The expected output is an exact copy of the lines from the one containing "Diy reed essential" to the final line below, minus any pictures.

Collected data:
Content starts

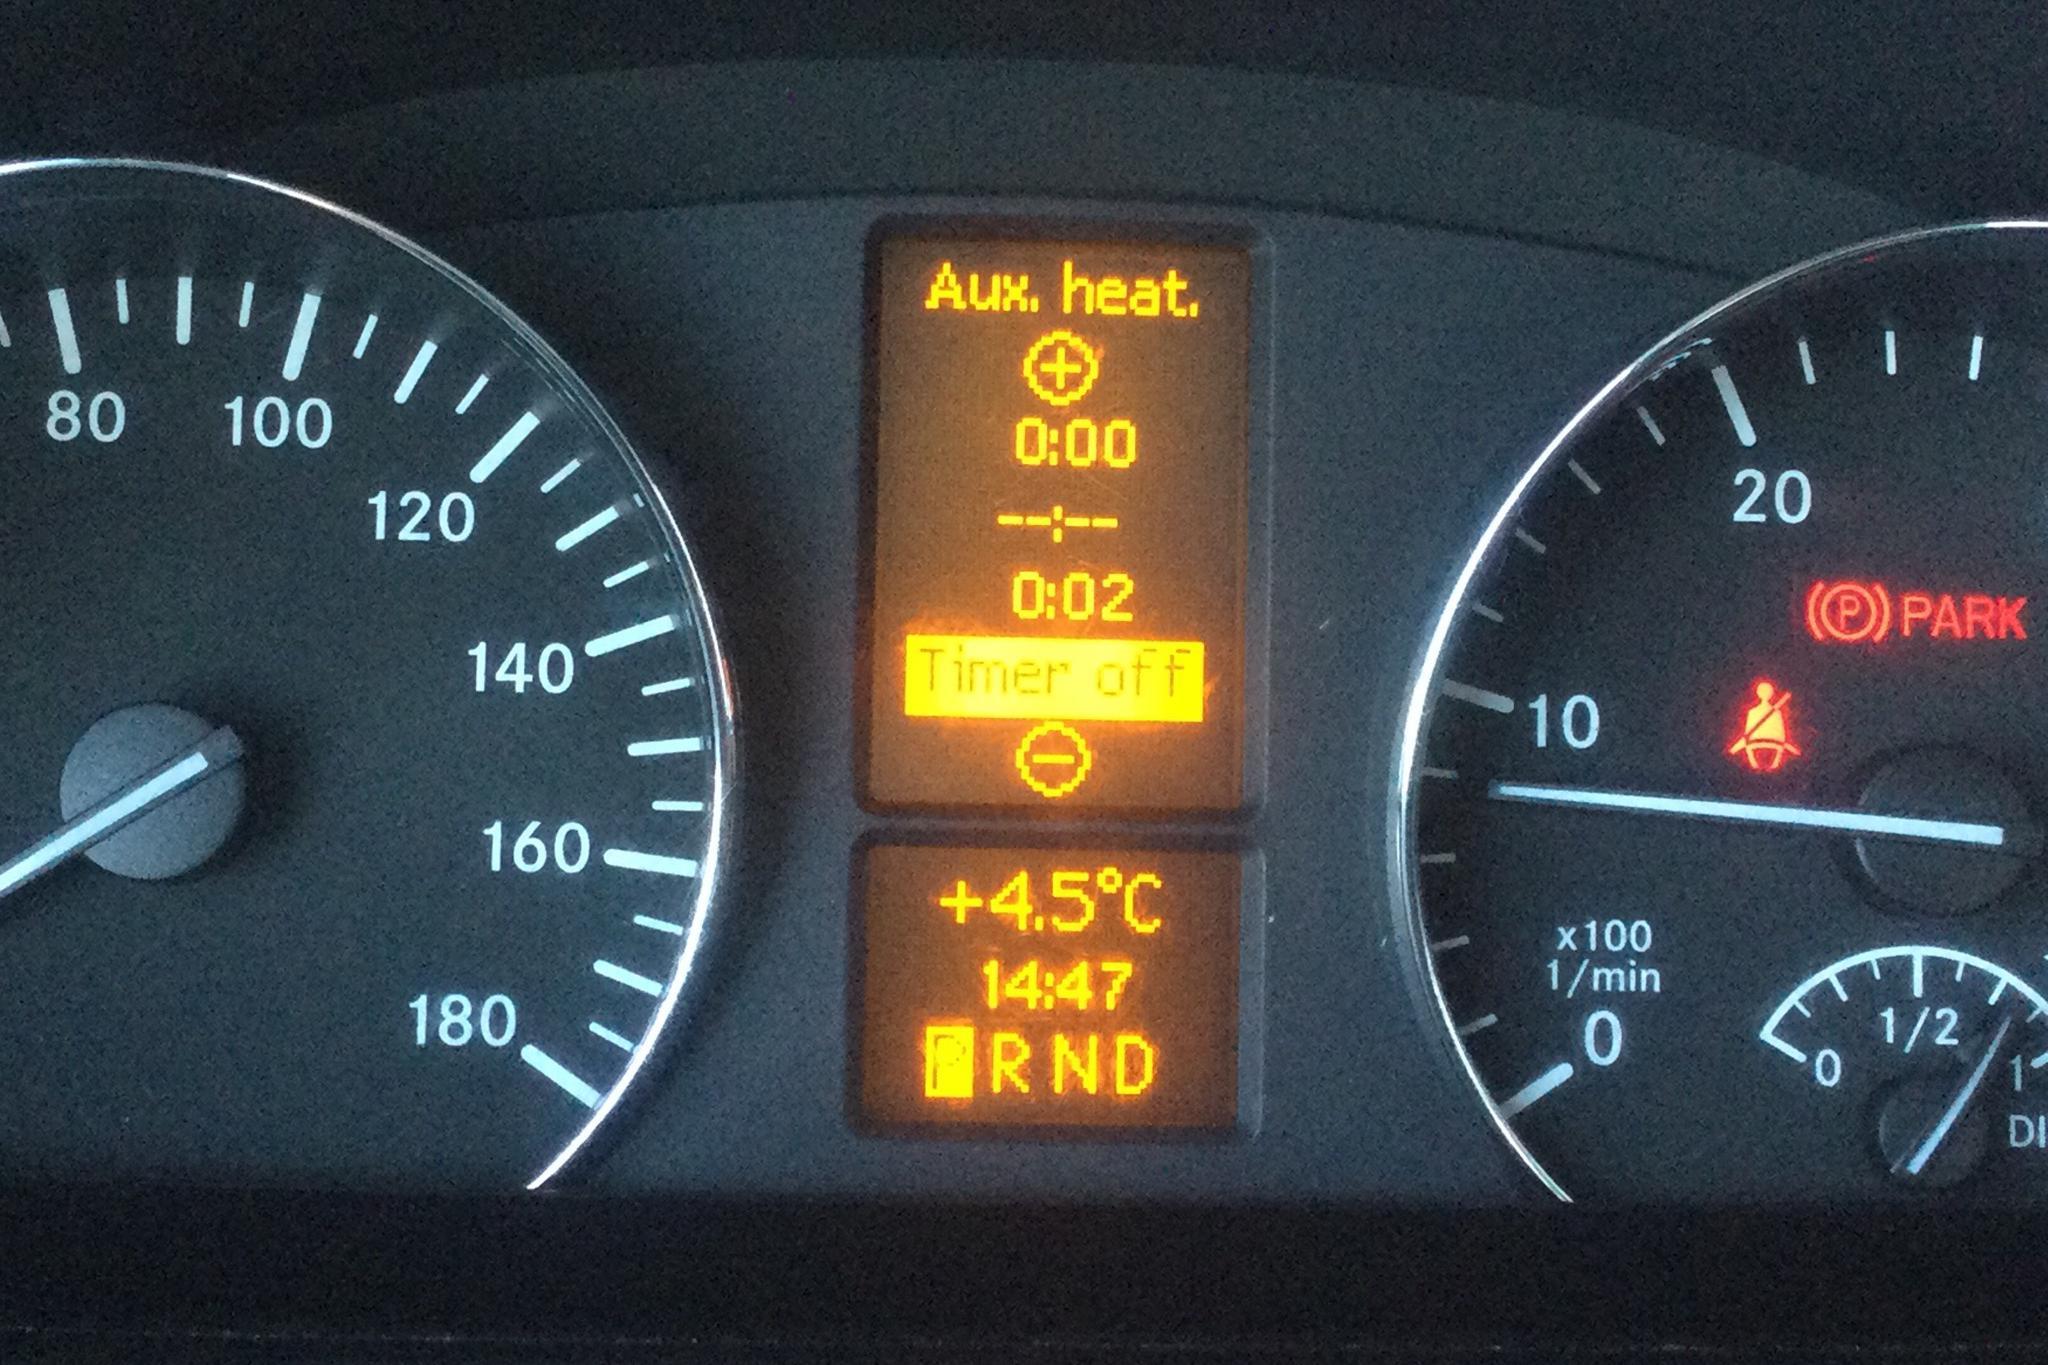 Mercedes Sprinter 316 CDI Pickup/Chassi (163hk) - 68 040 km - Automatic - white - 2016
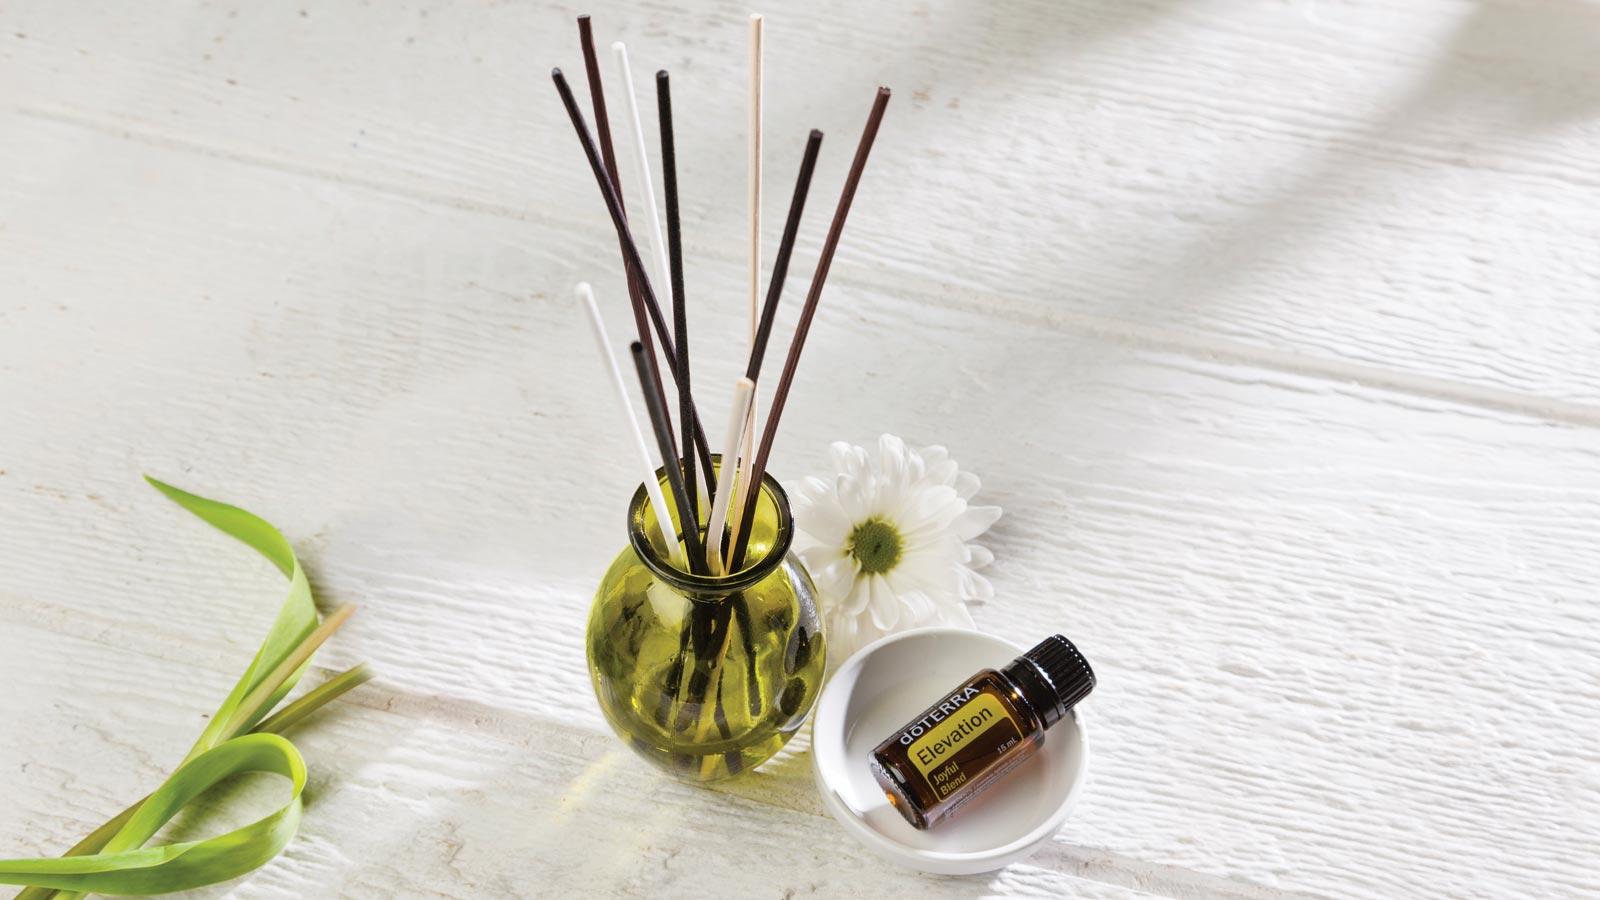 Diy reed essential oil diffuser d terra essential oils for Decorative diffuser
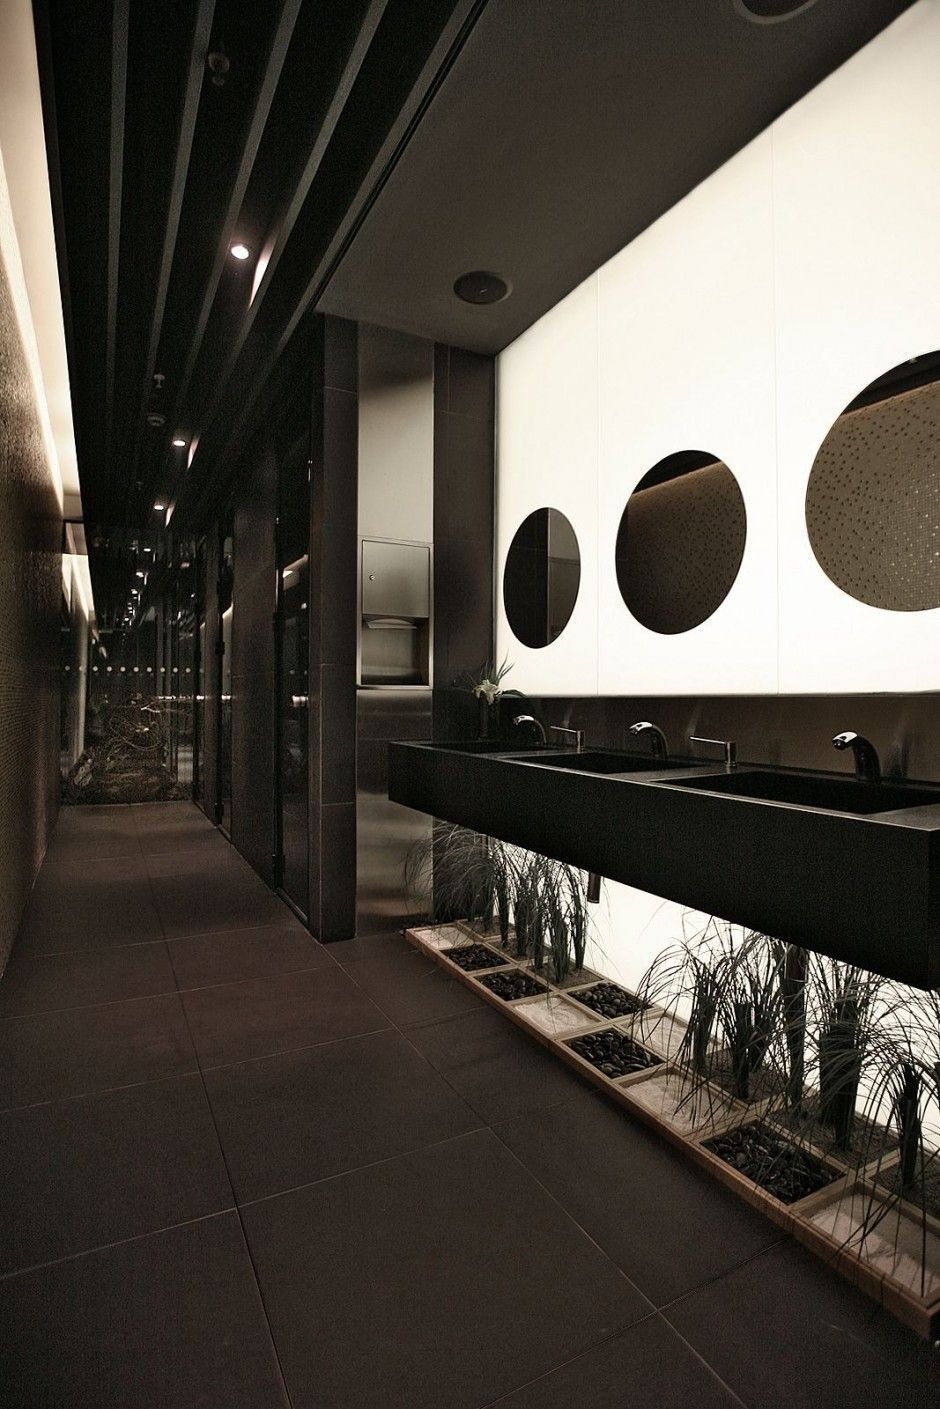 Radisson Hotel Lobby   By: Tanju Ozelginv Great Design
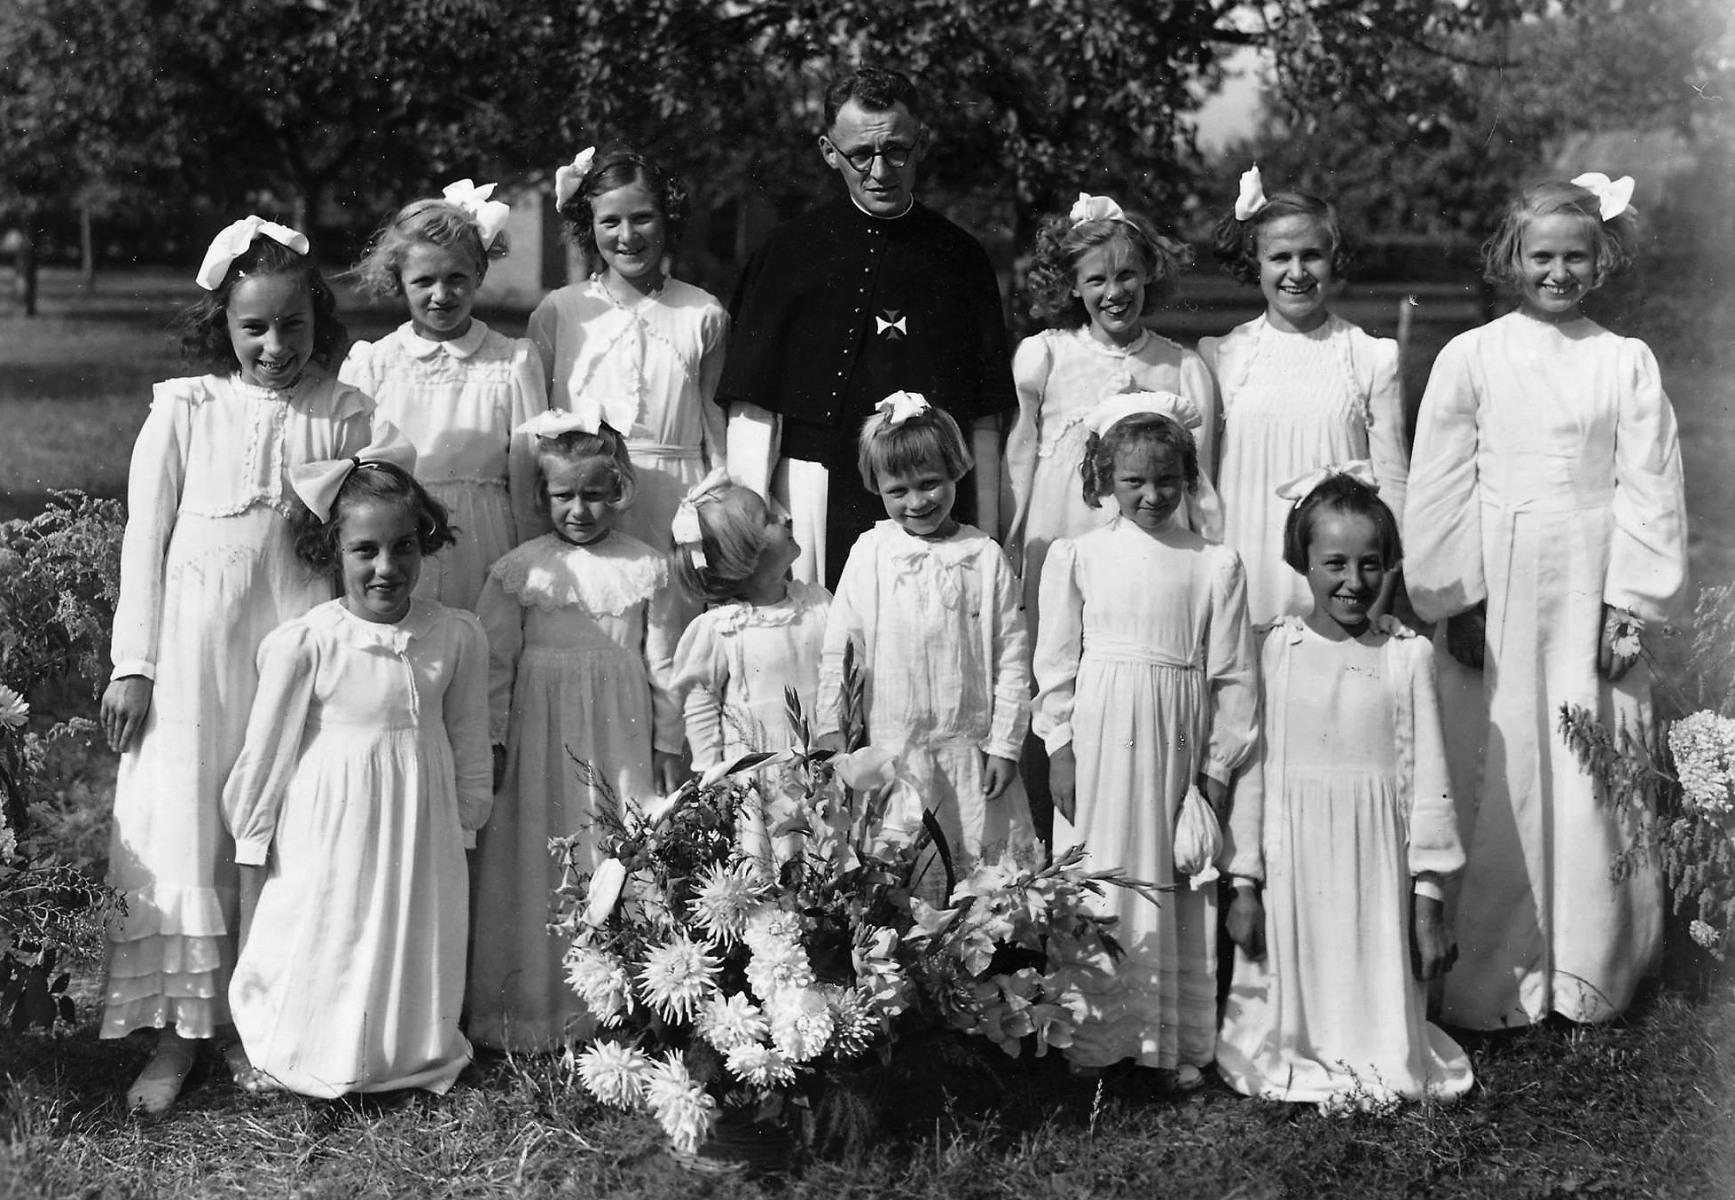 Datering 1947. priester-fesst-Gidus-Donkers

Content ends

Answer to this task:
 Diy reed essential oil diffuser d terra essential oils for Decorative diffuser
 Radisson Hotel Lobby   By: Tanju Ozelginv Great Design
 Datering 1947. priester-fesst-Gidus-Donkers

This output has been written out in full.